▸ **TASK BRIEF**
What's needed is the listing below, repeated word for word with no pictures.

▸ **INPUT DATA**
§ §

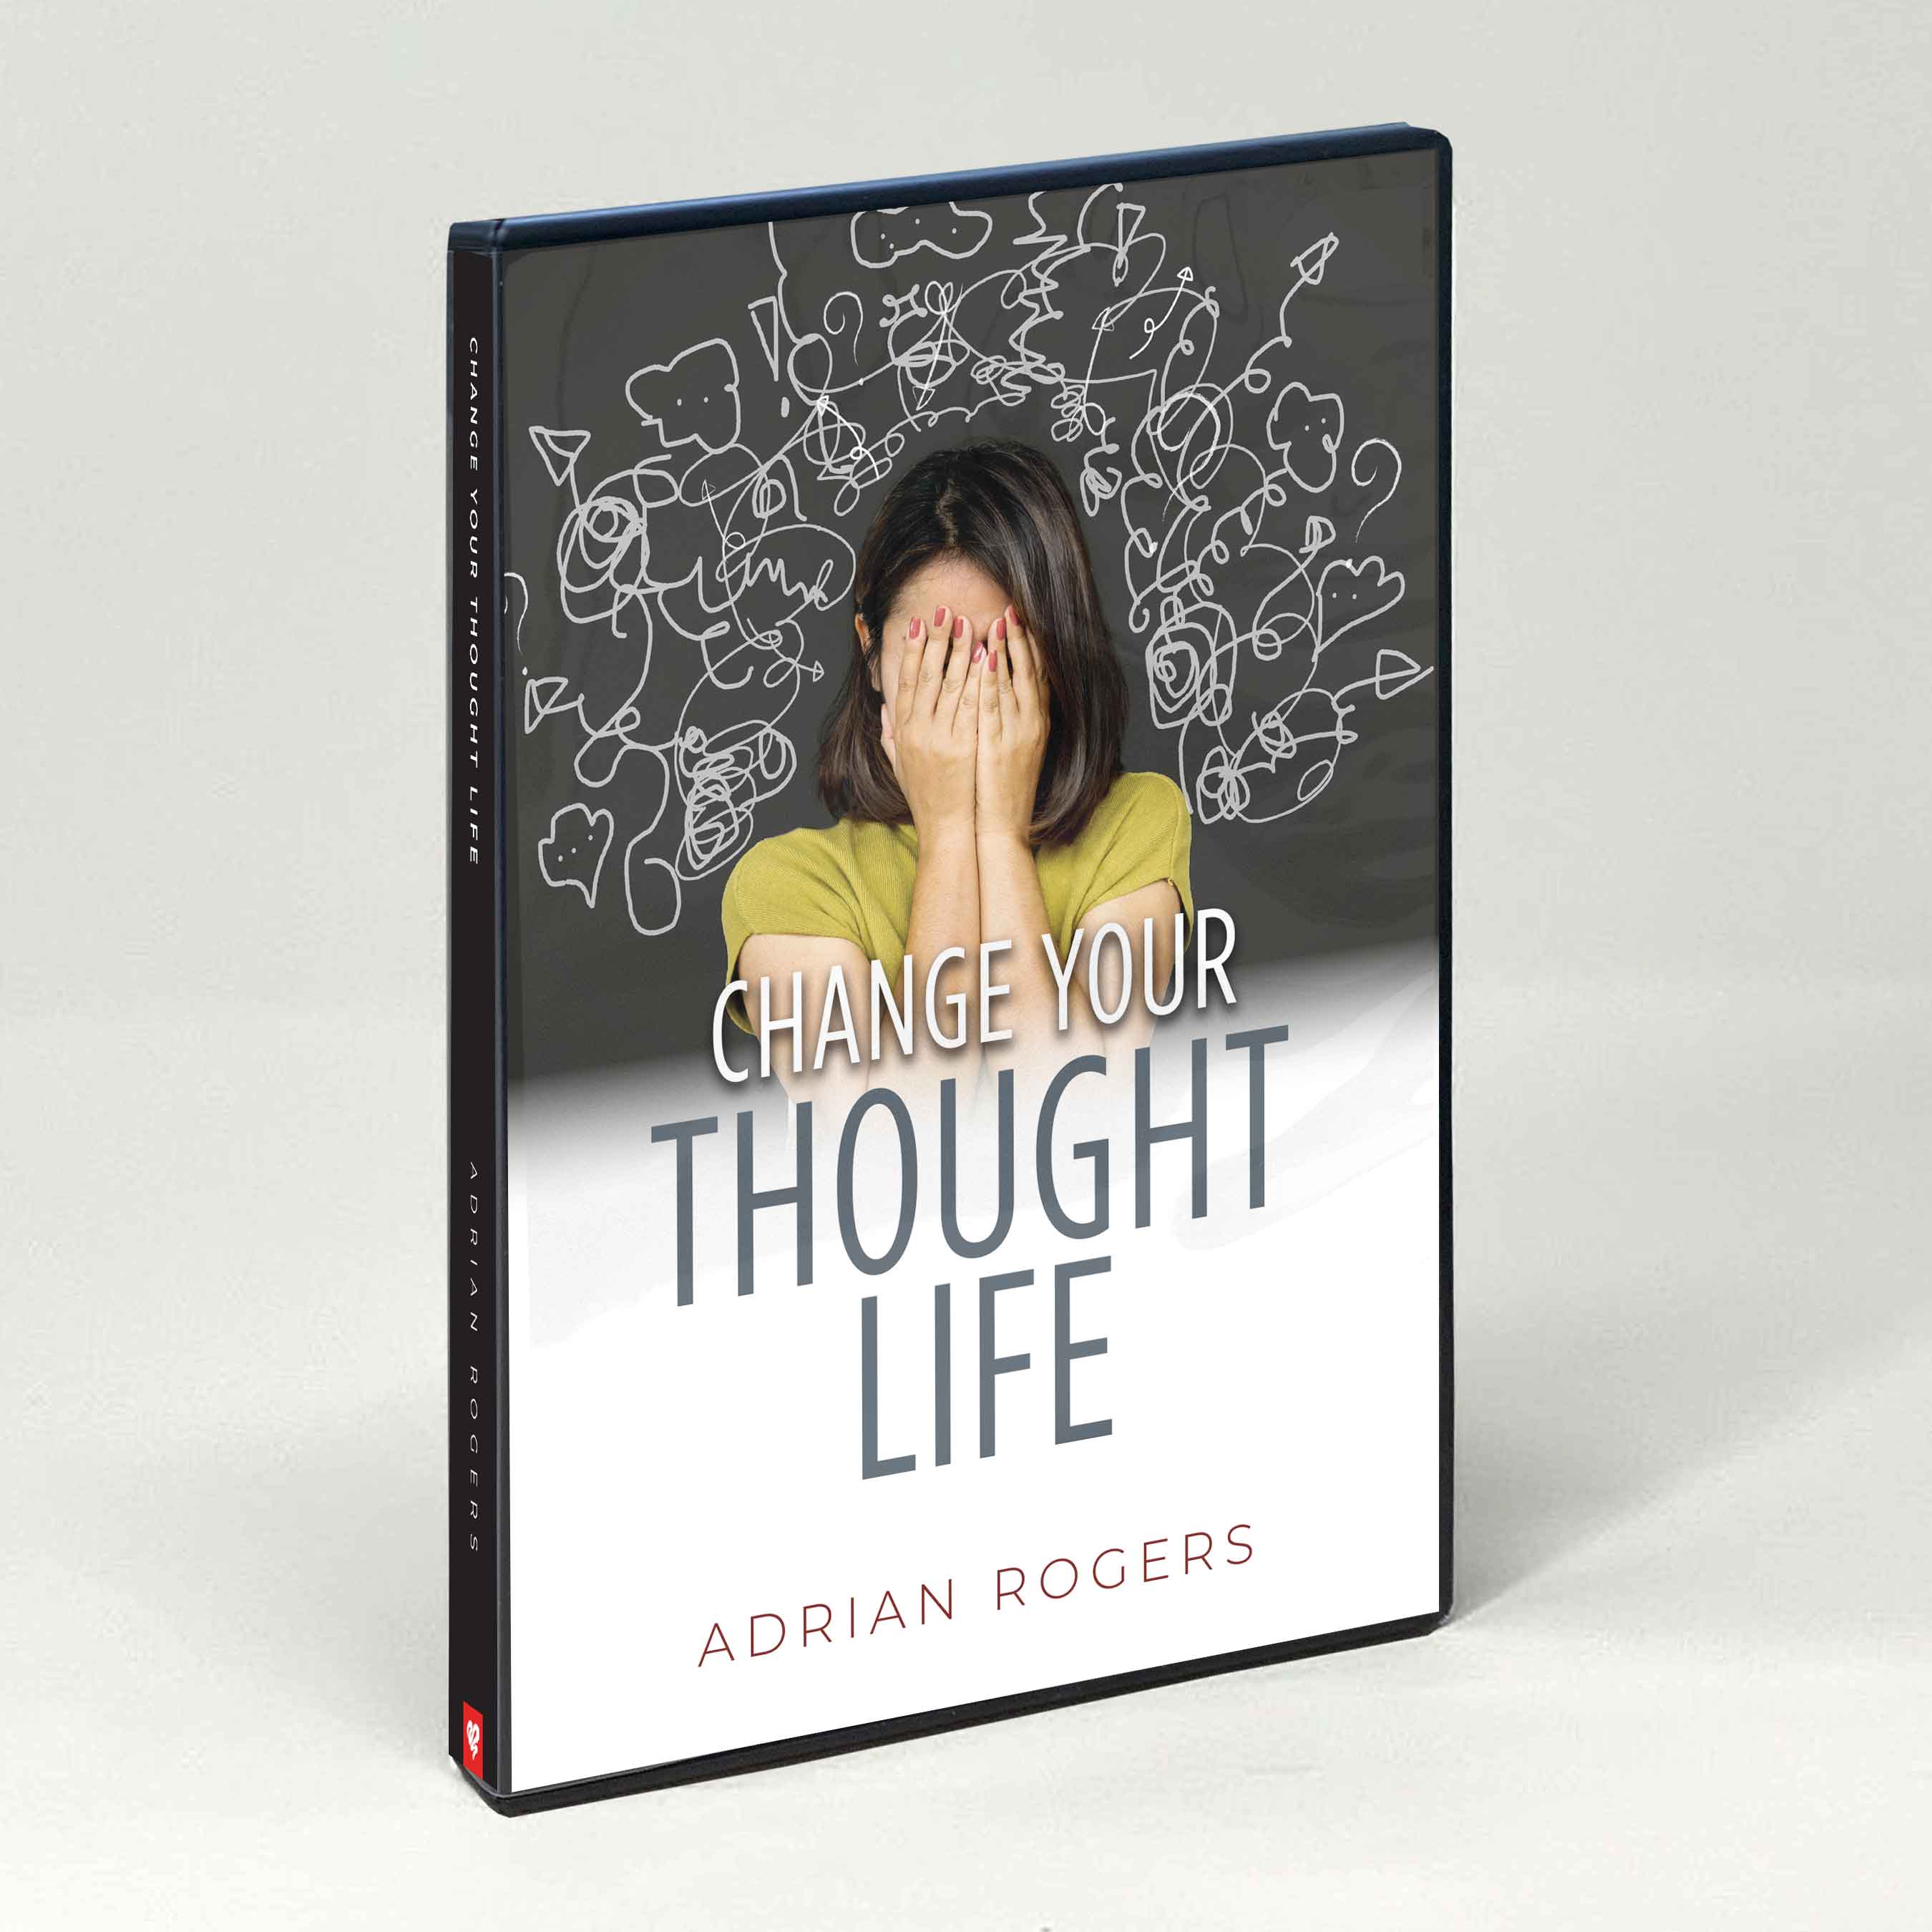 Change Your Thought Life Series
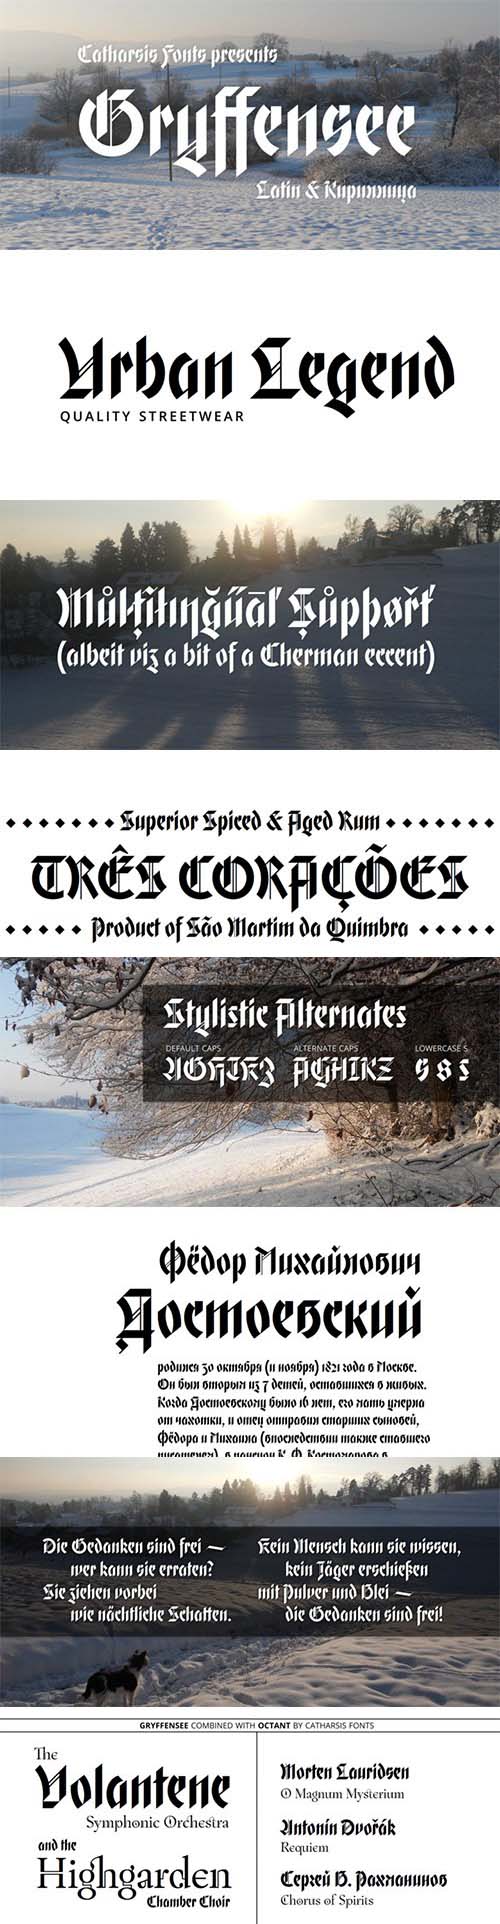 Gryffensee Font Family
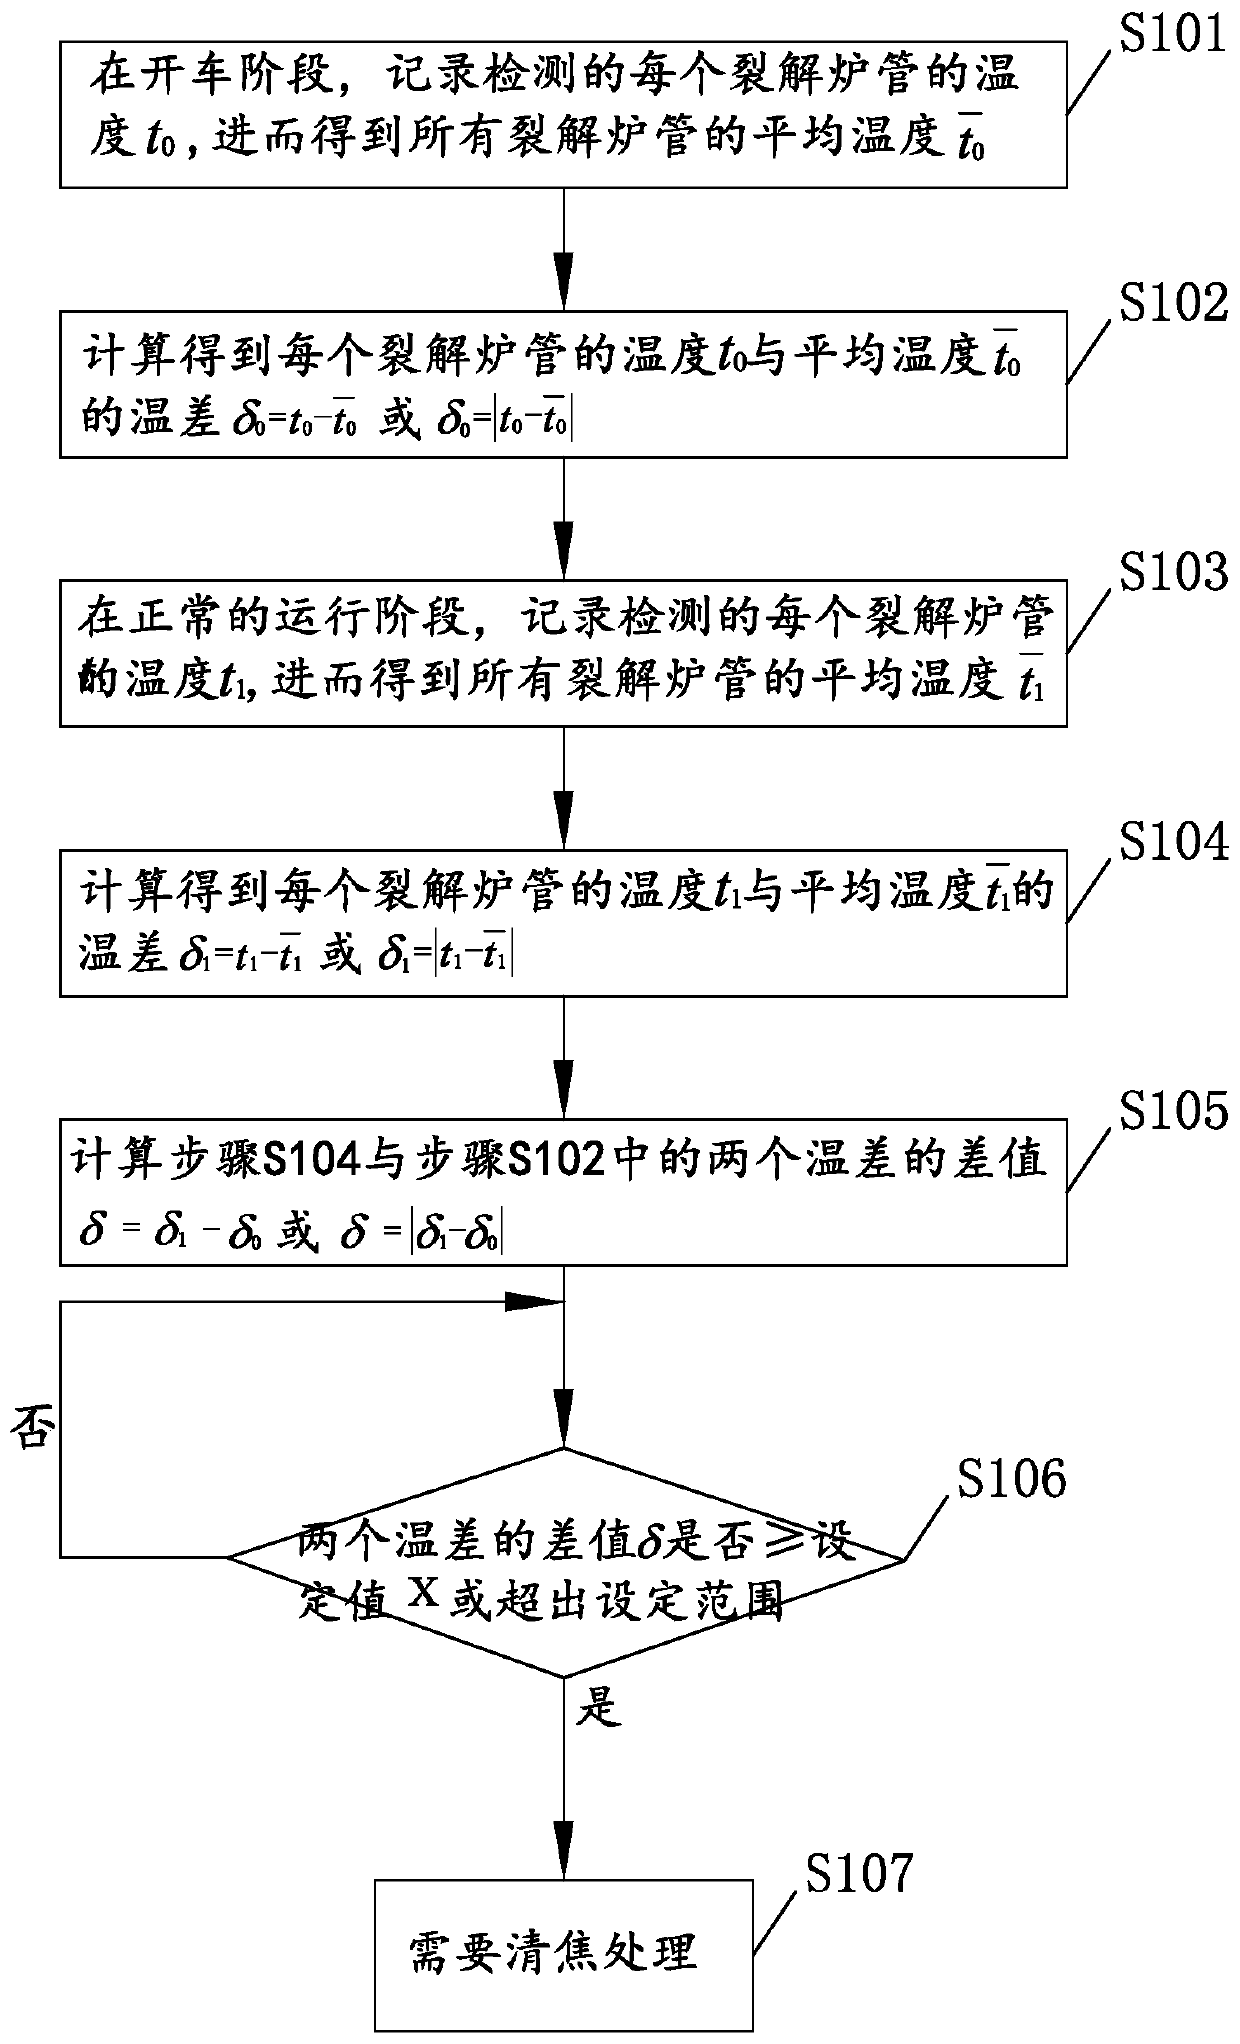 Operation monitoring method and system of heating furnace
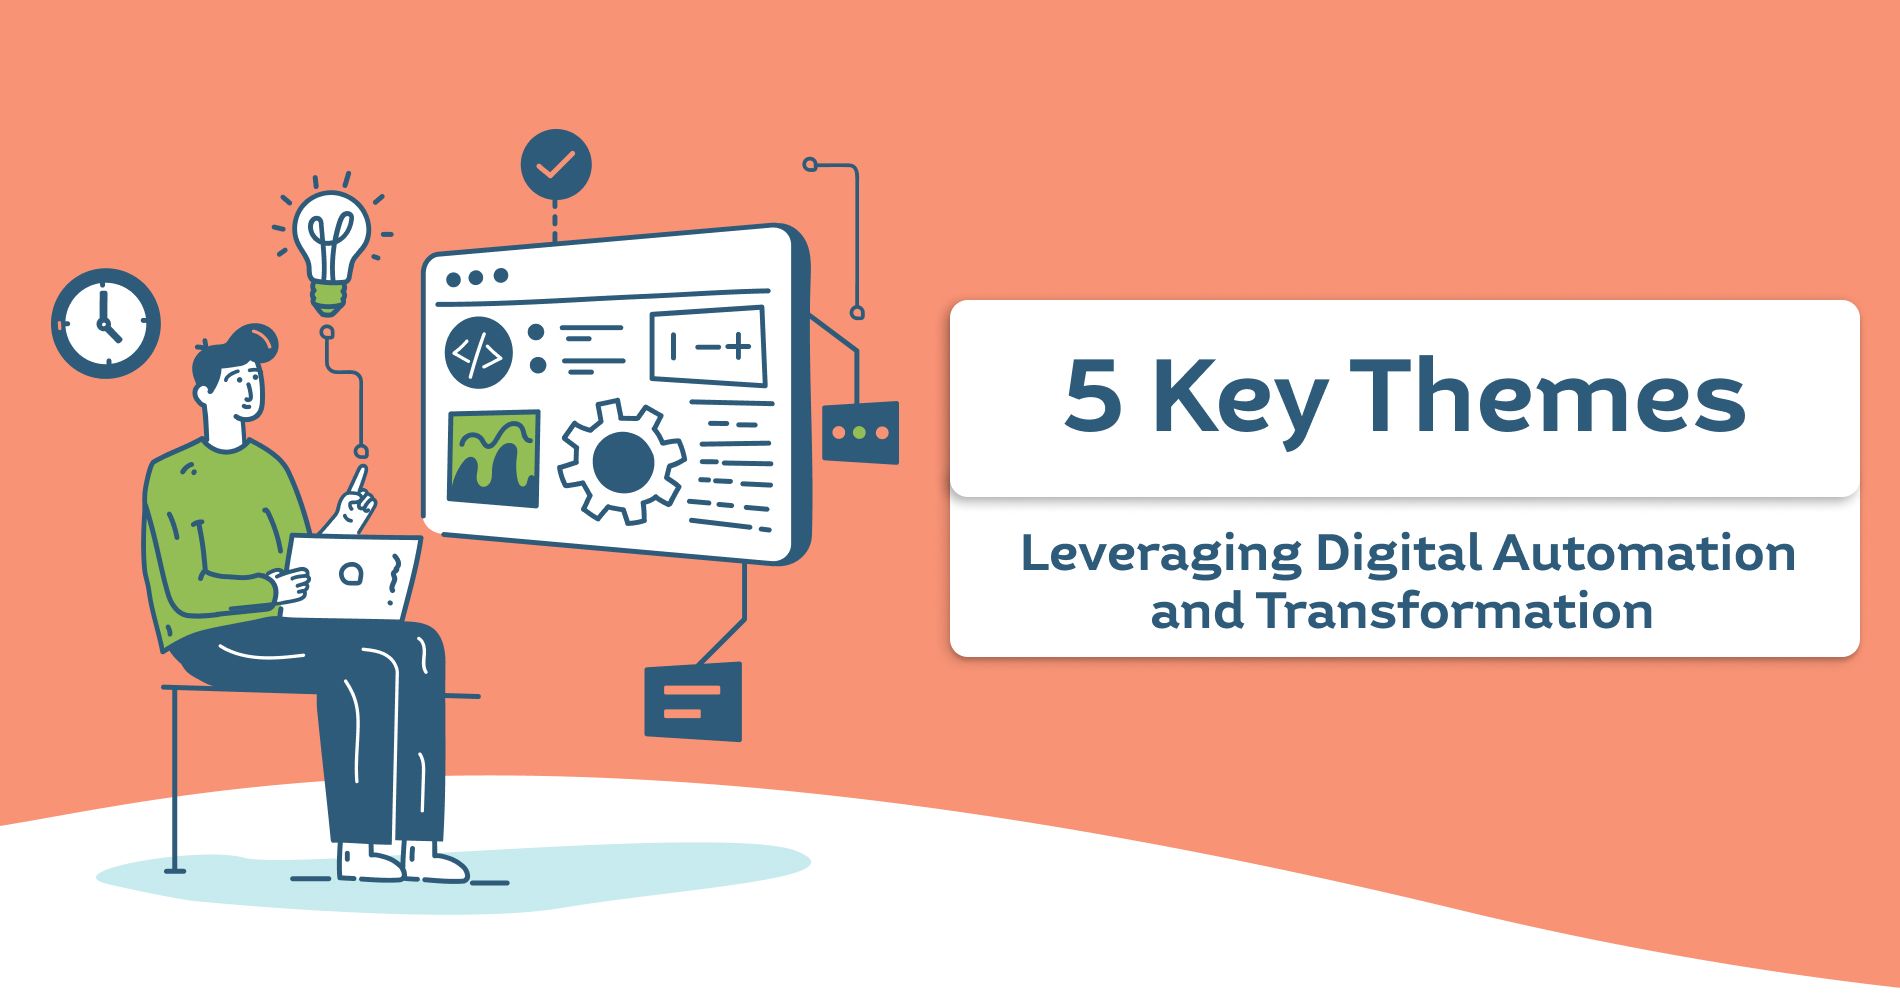 5 Key Themes: Leveraging Digital Automation and Transformation

§ §

▸ **RESPONSE TO THE EXERCISE**
 Change Your Thought Life Series
 Gryffensee Font Family
 Operation monitoring method and system of heating furnace
 5 Key Themes: Leveraging Digital Automation and Transformation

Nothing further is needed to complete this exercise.